A and B together can complete a job in 72 days, B and C together can complete it in 120 days, and A and C together can complete it in 90 days. In how many days can A alone complete the job?

Introduction / Context:
This is a classic time and work problem involving three workers A, B and C, where we know the times taken by different pairs of them to complete a job. Our task is to use this information to find the time taken by A alone. This type of question tests the ability to form and solve a system of equations based on combined work rates and then isolate one worker's rate.

Given Data / Assumptions:
- A and B together complete the job in 72 days. - B and C together complete the job in 120 days. - A and C together complete the job in 90 days. - All work at constant rates. - Total work is treated as one complete job.

Concept / Approach:
If someone finishes a job in T days, their daily work rate is 1 / T. Let the individual rates of A, B and C be a, b and c jobs per day respectively. We are given three equations in terms of these rates: a + b, b + c and a + c. By adding and subtracting these equations appropriately, we can solve for each rate. Once A's rate a is found, A's time to finish the job alone is simply 1 / a days. This approach uses algebraic manipulation of simultaneous linear equations.

Step-by-Step Solution:
Step 1: Let A's rate = a, B's rate = b, C's rate = c jobs per day. Step 2: From A and B together: a + b = 1 / 72. Step 3: From B and C together: b + c = 1 / 120. Step 4: From A and C together: a + c = 1 / 90. Step 5: Add equations for A + B and A + C: (a + b) + (a + c) = 1 / 72 + 1 / 90. Step 6: Left side becomes 2a + (b + c). Right side: use denominator 360. 1 / 72 = 5 / 360 and 1 / 90 = 4 / 360, so sum = 9 / 360 = 1 / 40. Step 7: We know b + c = 1 / 120 from Step 3. Step 8: Substitute b + c into the expression: 2a + 1 / 120 = 1 / 40. Step 9: Solve for a: 2a = 1 / 40 - 1 / 120. Step 10: Use denominator 120: 1 / 40 = 3 / 120, so 2a = (3 / 120) - (1 / 120) = 2 / 120 = 1 / 60. Step 11: Therefore, a = 1 / 120 job per day. Step 12: Time taken by A alone to complete one job = 1 / a = 120 days.
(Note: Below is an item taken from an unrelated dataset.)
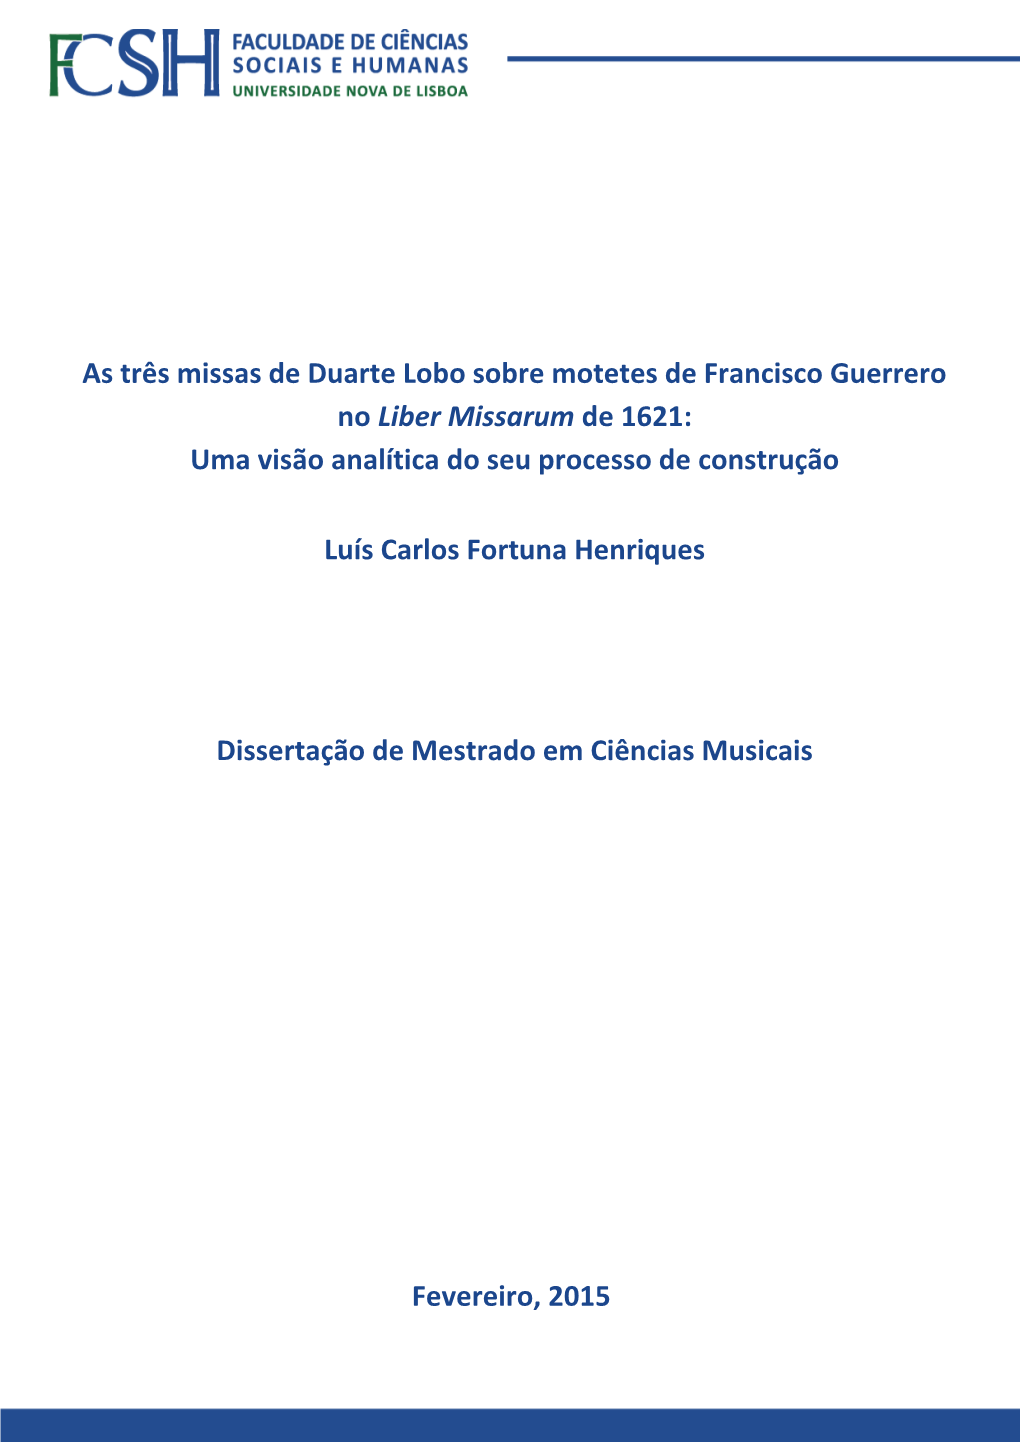 As Três Missas De Duarte Lobo Sobre Motetes De Francisco Guerrero No Liber Missarum De 1621: Uma Visão Analítica Do Seu Processo De Construção

Verification / Alternative check:
We can confirm the correctness by reconstructing b and c and checking one of the original pair equations. Once we know a = 1 / 120, from a + b = 1 / 72, we get b = 1 / 72 - 1 / 120, which is positive and reasonable. Similarly, from a + c = 1 / 90 we get a valid c. Recalculating a + b, b + c and a + c returns the original 1 / 72, 1 / 120 and 1 / 90, validating our solution. So A taking 120 days alone is fully consistent.

Why Other Options Are Wrong:
130, 150 or 100 days: These do not match the rate derived from the simultaneous equations and would lead to inconsistencies with the given combined times.
90 days: This is the time for A and C together, not for A alone. It ignores the need to separate out B's and C's contributions.

Common Pitfalls:
A common mistake is to try to average the given times rather than use algebraic equations. Another error is mishandling fractions when adding and subtracting the combined rates. Careful use of a common denominator and systematic solving of the three linear equations is essential. Always remember that the combined rate of two workers is simply the sum of their individual rates, not the average of their times.

Final Answer:
A alone can complete the job in 120 days.